New Jersey and Pennsylvania both requested proposals in the past year for lottery management. Early interest in the contracts fell off, and each state drew just one bidder.
In Pennsylvania, Republican Governor Tom Corbett last month handed a 20-year contract for management of the state’s $3.48 billion lottery to Camelot Global Services PA, which is part of U.K.-based Camelot Group Plc, the company that runs Britain’s National Lottery.
Camelot guaranteed $34 billion in profits over 20 years, which exceeded projections under state management by $3 billion to $4 billion, Corbett said.
Christie and Corbett are both moving ahead amid opposition from Democratic lawmakers and unions representing lottery workers. In New Jersey, the Communications Workers of America says 60 public workers would lose their jobs.
“Giving the lottery to a private vendor is like killing the goose that laid the golden egg,” said New Jersey Assemblyman Patrick Diegnan Jr. “It’s difficult to rationalize privatization under any circumstances, but it would be irresponsible to go forward with an award when only one bid was submitted.”
Diegnan, of South Plainfield, is part of a group of Democrats sponsoring a bill that would require lawmakers’ approval of any private lottery-management proposal. His party controls both houses of the legislature, which has no power to stop Christie from signing a contract.
Gtech controls 80 percent of the Illinois lottery partnership. Its stake in Northstar New Jersey and other proposal details are confidential while the contract is under review, said Robert Vincent, a Gtech spokesman.
New Jersey’s request for proposals stipulated that its contract would be for 15 years, and would require an up-front payment of $120 million from the manager.
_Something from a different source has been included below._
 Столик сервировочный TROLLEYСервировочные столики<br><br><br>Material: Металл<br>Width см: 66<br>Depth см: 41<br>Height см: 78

That condition limited the bidding pool, Vincent said.
“Certain companies may not have the financial wherewithal,” Vincent said.
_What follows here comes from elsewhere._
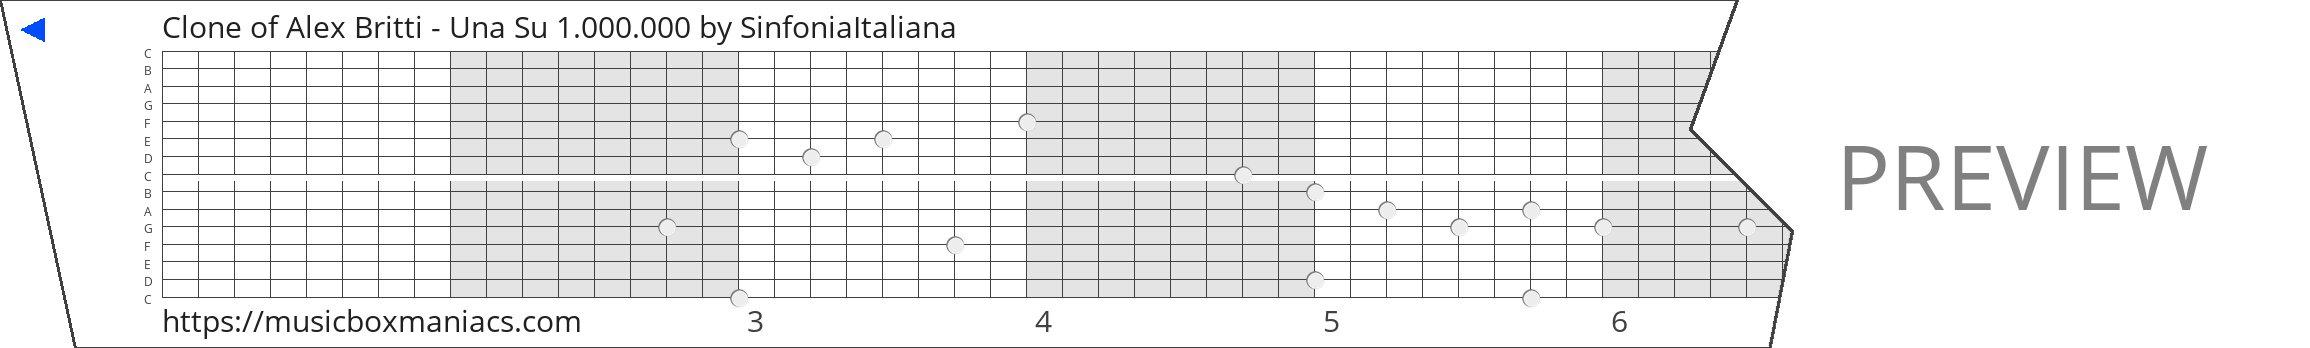 Clone of Alex Britti - Una Su 1.000.000 15 note music box paper strip

Illinois and Indiana, which last year hired Gtech to manage its lottery, didn’t ask for upfront money, said Alex Kovach, president of Camelot PA. Pennsylvania demanded $200 million.
“That makes for responsible bidding,” Kovach said during a Jan. 14 Senate public hearing in Pennsylvania on the bid.
No such hearings are being held in New Jersey, much to the chagrin of Democratic lawmakers.
“The proposal to privatize without public explanation one of our most profitable and well-run assets is troubling,” said Assembly budget chairman Vincent Prieto. “The Christie administration appears ready to forfeit substantial long-term revenue for a one-shot payment that will also hurt small business owners and risk vital programs.”
Bakulesh Patel, who owns the Pantry Farms convenience store in Ewing, New Jersey, said he is concerned that a contractor would offer ticket sales on the Internet. Illinois was the first state to legalize such vending, part of Northstar’s strategy to draw new players.
“It’s almost 75 to 80 percent of customers coming in for the lottery,” Patel, 51, from Piscataway, said in an interview. He counted on such revenue, including 5 percent of sales and a percentage of winning tickets he sells, as part of his business strategy when he opened two-and-a-half years ago, he said.
A poster on the door hails Pantry Farms as a “Lucky Lottery Store” after a Cash 5 player there hit the $142,189 jackpot. Patel’s share of that was $750.